Abstract
Barbituric acid is an organic compound containing a pyrimidine heterocyclic
skeleton. It is a water-soluble and odorless compound. Barbituric acid served as a
starting material for many barbiturate drugs. The variable properties of the products
achieved from barbituric acid motivate organic chemists to investigate its chemistry
and current developments have suggested it by multicomponent reactions (MCR).
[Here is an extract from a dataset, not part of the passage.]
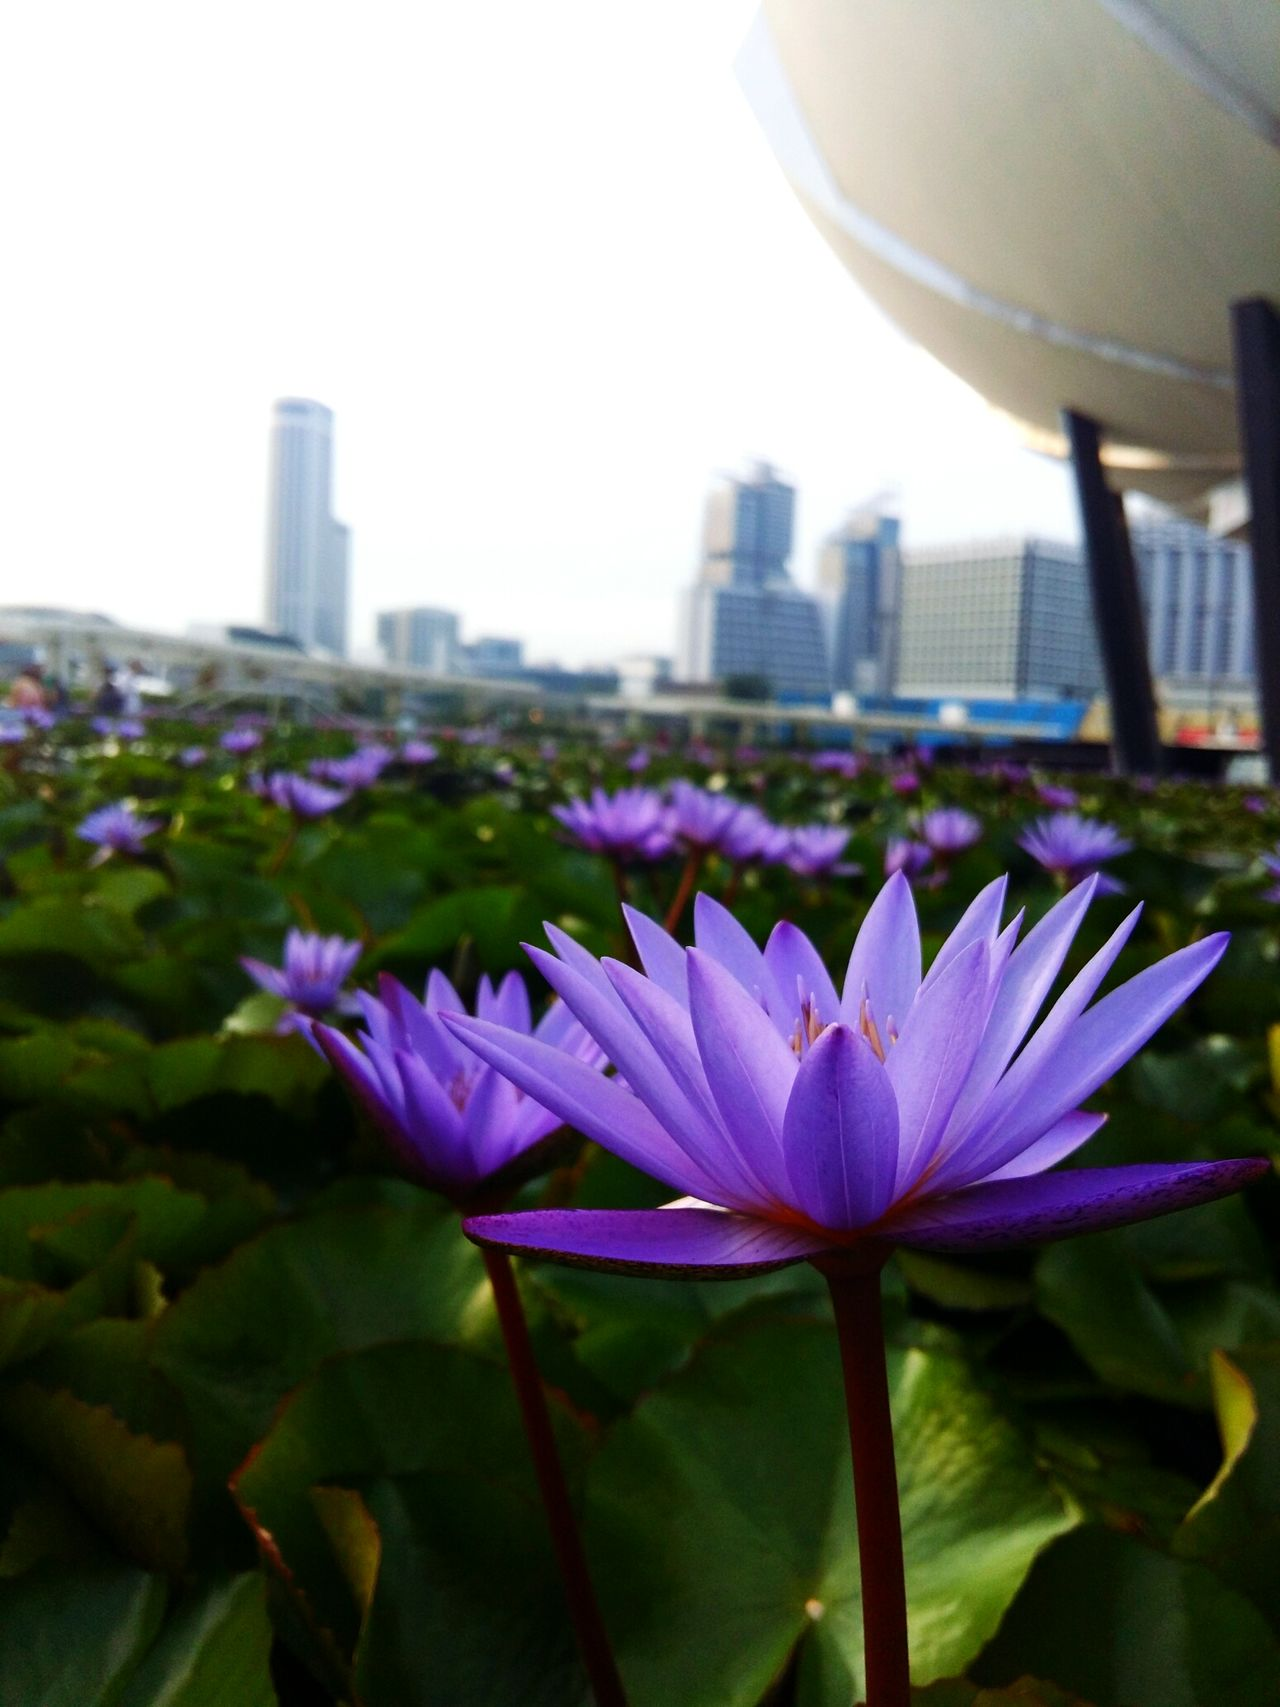 Singapore City Singapore View Singapore Marina Bay Sands Flowerphotography EyeEmGalley EyeEmNewHere EyeEmFlower Eyeemmarket Eyeem2017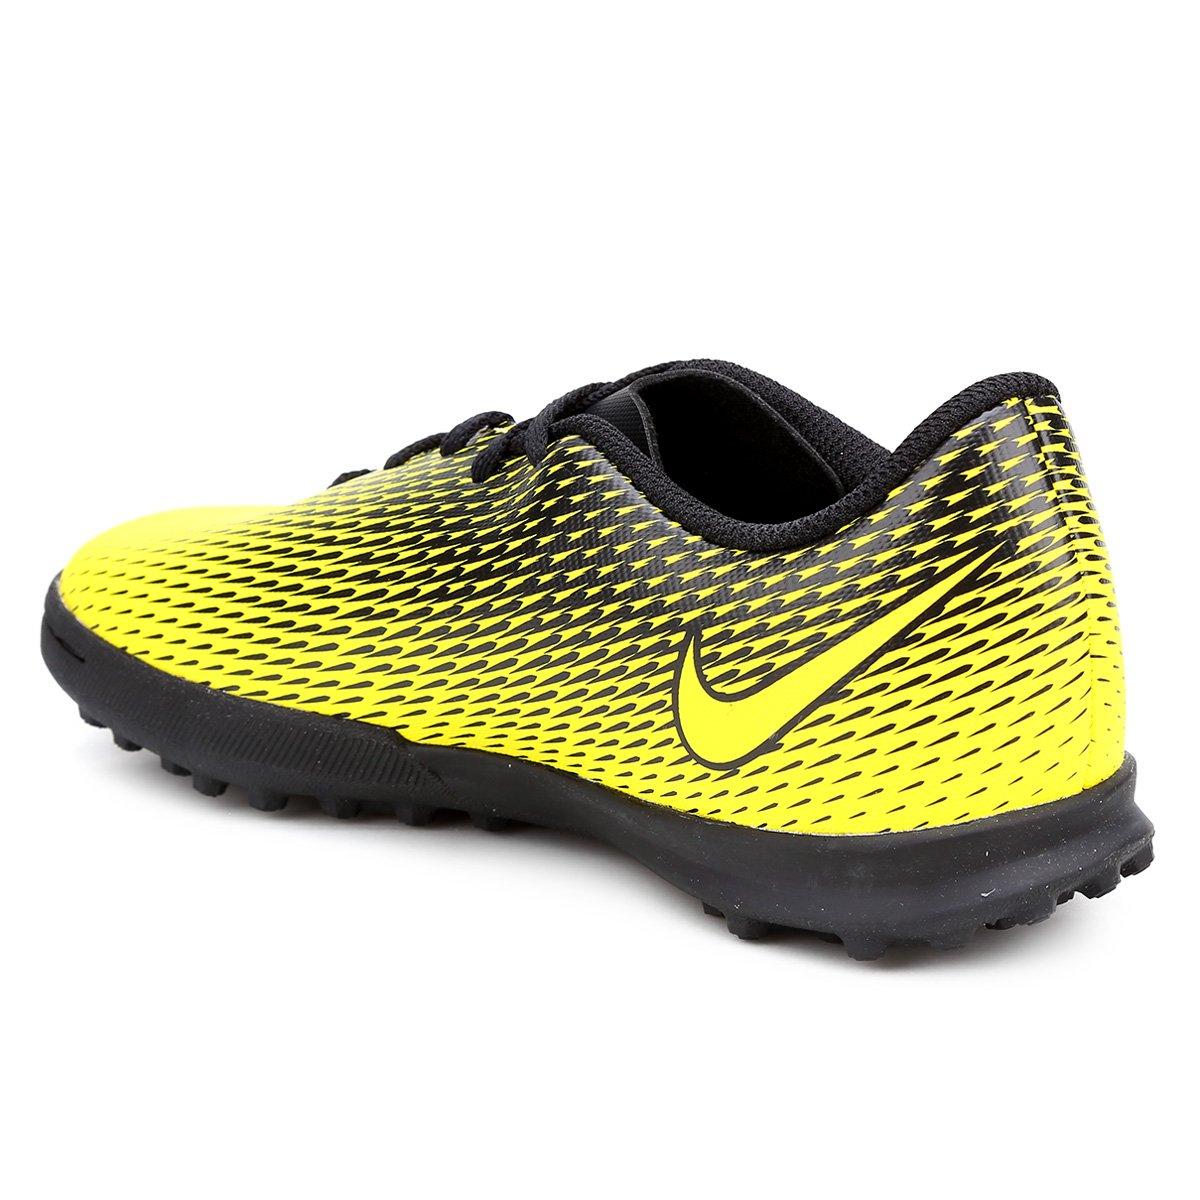 7d913ebac Chuteira Society Infantil Nike Bravata II TF - Tam: 36 - Shopping ...

Barbituric acid and its derivatives, commonly known as barbiturates, are
important in pharmaceutical chemistry because they are fascinating building blocks for
synthesizing biologically active compounds. The first barbiturate to be prepared was
Barbital (5, 5-diethyl barbituric acid), and it is hypnotic and sedative and was used as
an anxiolytic and sleeping aid. Barbituric acid derivatives act on the central nervous
system and are used as sedatives, anxiolytics, anticonvulsants, and hypnotics. Recent
investigations show that barbituric acid derivatives may have applications in matrix
metalloproteinases, inhibiting collagen-ase-3 (MMP-3), anti-invasive, recombinant
cytochrome P450 enzymes, fungicides, methionine aminopeptidase-1 (MetAP-1),
herbicides, antibacterial, anti-tumor antiangiogenic, antioxidant, antiviral, and HIV-1
integrase inhibitors. Furthermore, recent literature accounts have shown that barbituric
acid derivatives may also perform as immune modulators. Barbituric acid has been
exploited in designing and preparing various types of carbocyclic and heterocyclic
compounds. An extensive range of multicomponent reactions utilize barbituric acid as
a starting material. By using the Knoevenagel condensation reaction, a wide range of
barbiturate drugs, that act as central nervous system depressants can be synthesized
using barbituric acid. Barbituric acid is a precursor in the laboratory production of
riboflavin (vitamin B2
).
Keywords: Barbituric acid, Chromeno[2, 3-d]pyrimidine-triones, Condensation Product, Heterocyclic Compounds, Knoevenagel Condensation, N-acylation, Nalkylation, O-methylation, Spirofuropyrimidines, Spirooxindoles, Thiobarbituric acid, Trisheterocyclic System.